Additional Resources

  • Absolute Value Inequalities: This article provides a comprehensive overview of absolute value inequalities, including how to solve them and how to express the solution as an interval.
  • Solving Absolute Value Inequalities: This article provides step-by-step instructions on how to solve absolute value inequalities, including how to split the inequality into two cases and how to combine the solutions.
  • Absolute Value Inequality Examples: This article provides examples of absolute value inequalities, including how to solve them and how to express the solution as an interval.

Frequently Asked Questions

  • What is an absolute value inequality? An absolute value inequality is an inequality that involves the absolute value of a quantity. It is a type of inequality that can be used to describe the distance of a quantity from zero on the number line.
  • How do I solve an absolute value inequality? To solve an absolute value inequality, you can split the inequality into two cases, one for the positive case and one for the negative case.
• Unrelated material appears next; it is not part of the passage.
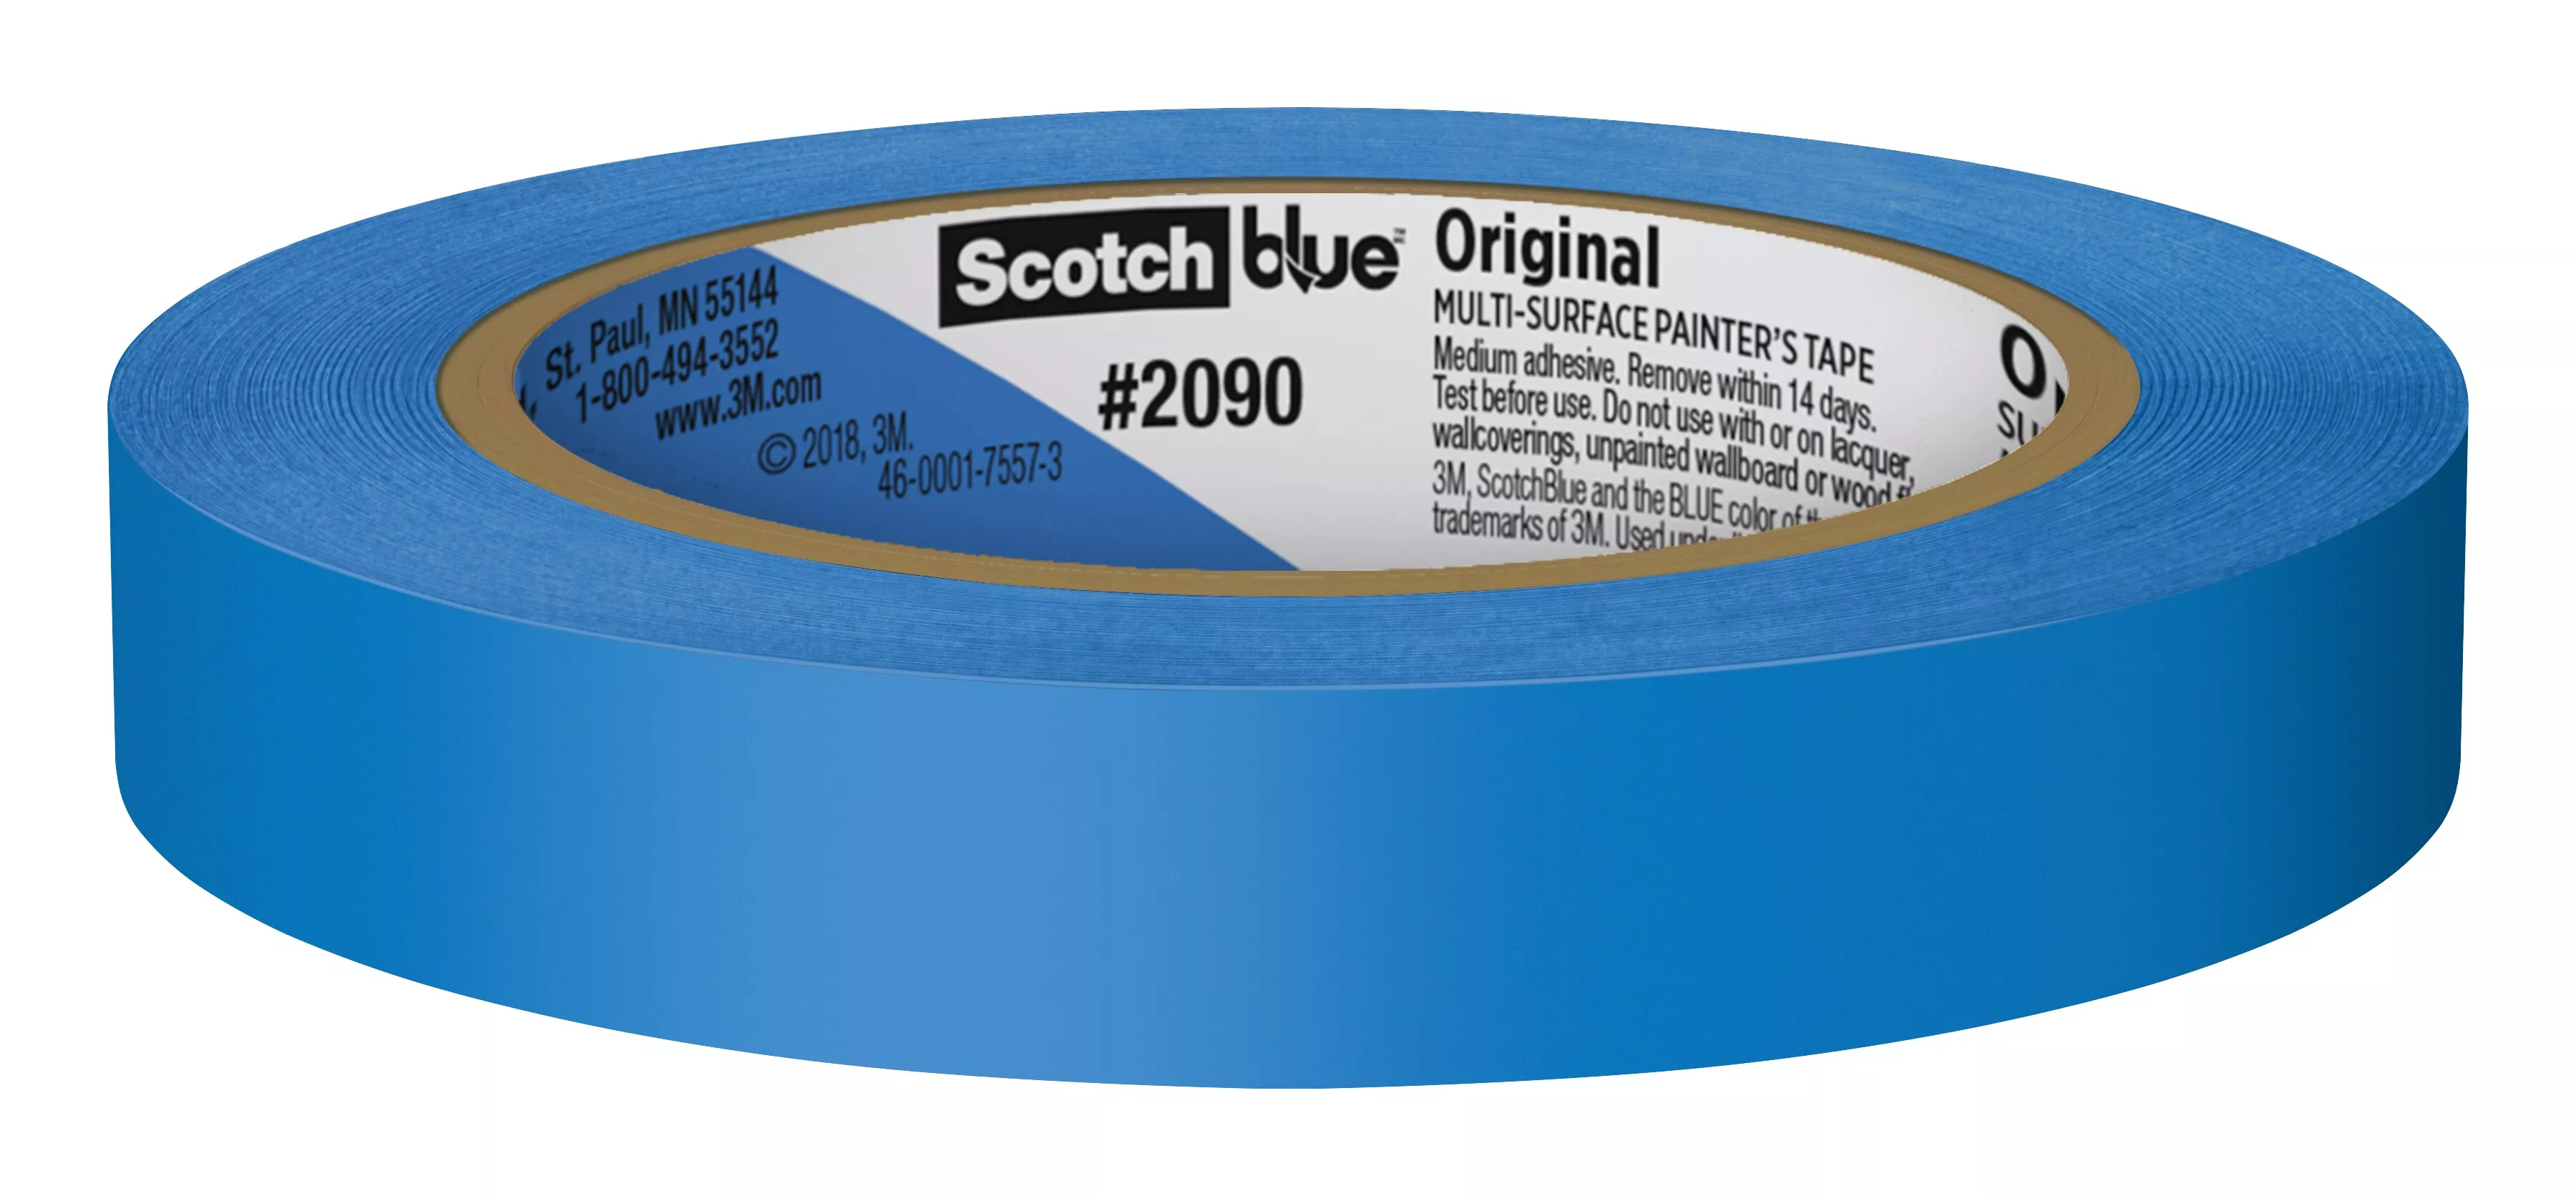 SKU 7100187170 | ScotchBlue™ Original Painter's Tape 2090-18EC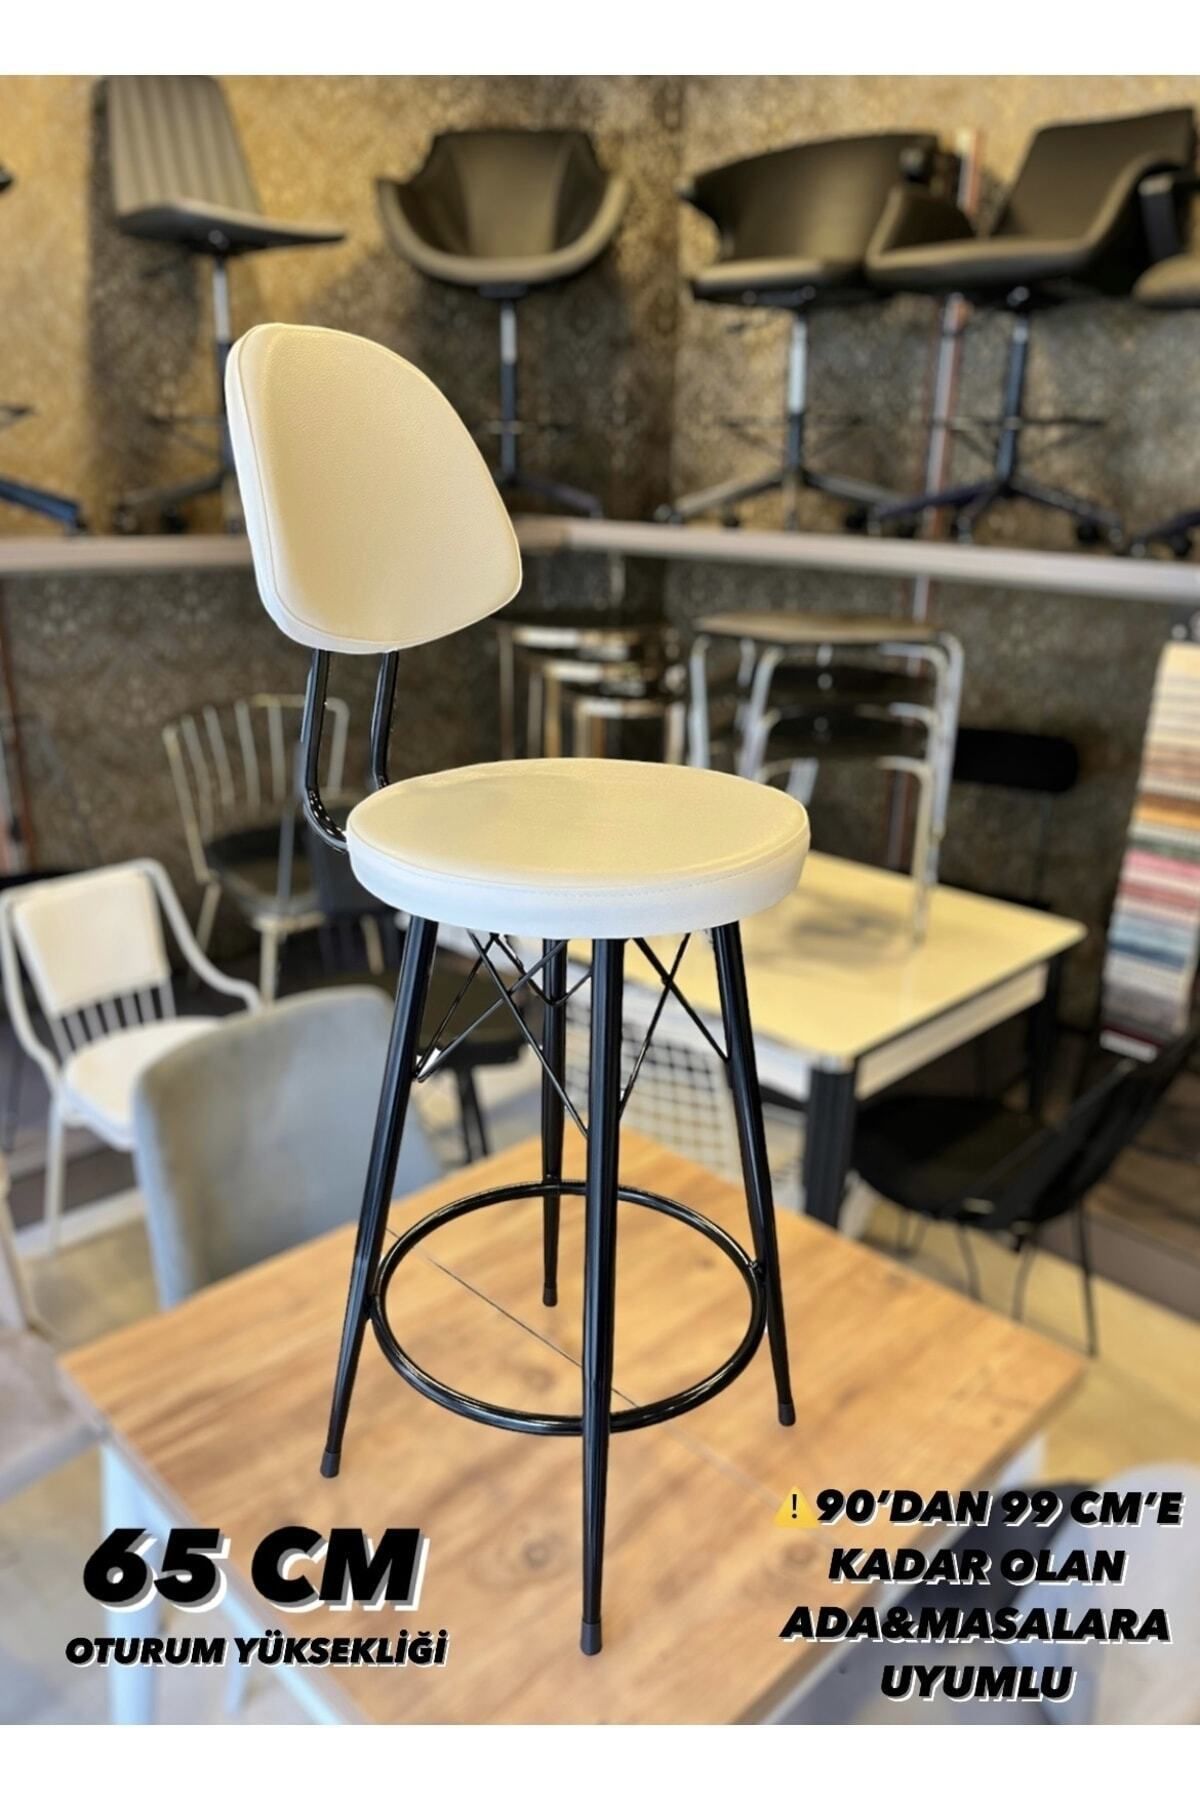 Sandalye Shop Yeni,Dolce Tasarım Bar Sandalyesi 65 Cm Beyaz.90 ile 99 Cm Arası Ada&Masalara Uyumlu

You can then solve each case separately using basic algebraic manipulations.
  • What is the solution to the inequality ∣x−4∣≥9|x-4| \geq 9? The solution to the inequality ∣x−4∣≥9|x-4| \geq 9 is the interval (−∞,−5]∪[13,∞)(-\infty, -5] \cup [13, \infty).

Glossary

  • Absolute value: The absolute value of a quantity is the distance of the quantity from zero on the number line.
  • Absolute value inequality: An inequality that involves the absolute value of a quantity.
  • Positive case: The case where the expression inside the absolute value is positive.
  • Negative case: The case where the expression inside the absolute value is negative.
  • Interval: A set of real numbers that includes all the numbers between two given numbers.